しかし、この方式は組合員に歓迎され、首都圏コープ事業連合の供給高は年々二けた成長を遂げ、全国の生協から注目されるようになる。個配を始めたころの首都圏コープ事業連合は19生協・組合員3万7550人。それが、いまや1都9県の9つの地域生協が加盟し、傘下の組合員130万人、年総供給高1900億円という生協グループ(パルシステム生活協同組合連合会)に発展している。
他の生協も次々と個配に転換した。日本生協連も90年代末から、個配を購買事業の主要な業態と位置づけ、全国的な拡大を図るようになった。
日本生協連によれば、購買生協の組合員は現在、2324万人(2011年度推計)。日本最大の市民組織だ。地域住民が加入する地域生協(138生協)の供給高は2兆5909億円(2011年度推計)。内訳は宅配による供給が1兆6273億円(63%)店舗による供給が9142億円(35%)。宅配による供給のうち61%が個配である。

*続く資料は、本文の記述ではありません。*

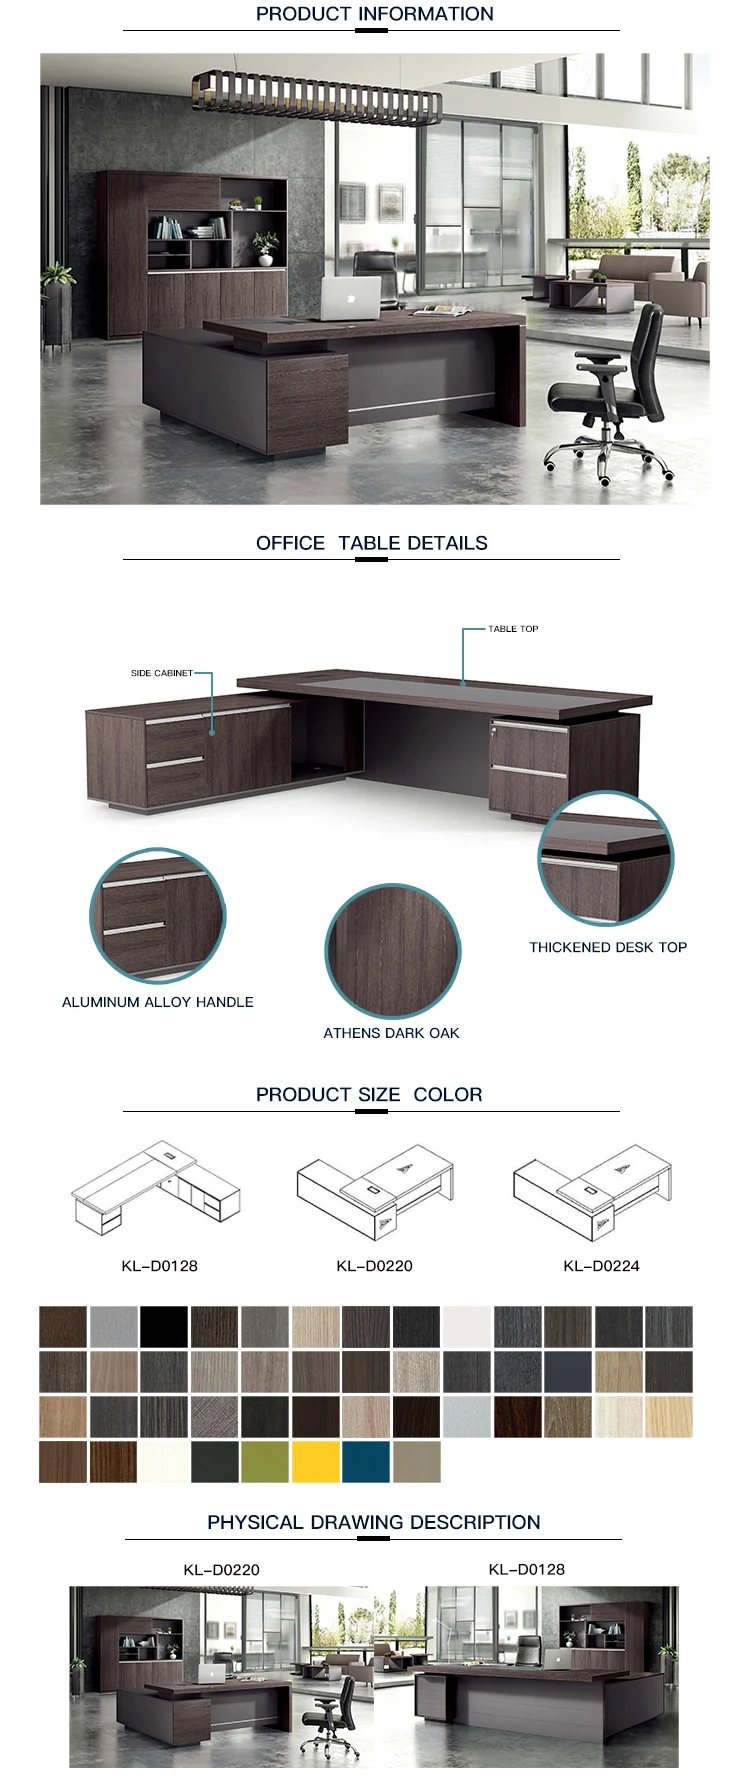 China supplier factory price Dious office furniture executive modern luxury desk boss office desks table

中澤さんが発案した個配はいまや全国の生協の主要な供給手段となったのだ。日本の市民の生活に対する中澤さんの貢献は極めて大きいと言える。
「遺言」の中には、生協の現状に対する痛烈な批判もある。その一つが、生協が大型化するにつれて経営一辺倒の「物を売る組織」に、要するに生協もスーパーと同じようになりつつあるのでは、という憂慮である。そのためだろう。『これから生協はどうなる――私にとってのパルシステム――』の中で、こう言っている。
「生協が流通業の主役になることは、今までも、そしてこれからも決してない。行政や民間企業が手を出せない領域に、自分たちの暮らしの生活者の課題を事業化して、自分たちの努力で理想を体現していくこと。生協の社会的意味はそこにこそある」
「資本主義社会の商品経済社会において、流通の主流は結局、量販店を主流とする流通大手企業である。基本的に資本主義社会の商品流通経済というのは、その時代を担う流通業が太陽である。しかし、太陽だけでは、夜は闇になる。太陽が当たるところには日陰が生まれる。自らは太陽ではなくても、太陽の明るい光を反射して、闇に薄明かりを届ける月のような存在。それこそが生協の事業でなければならない」。生協は「月」になれ、というわけである。
告別式の焼香台には、遺影とともに『これから生協はどうなる――私にとってのパルシステム――』と、もう一つの著作『おいしい「日本」を食べる』(KKベストセラーズ刊)が置かれていた。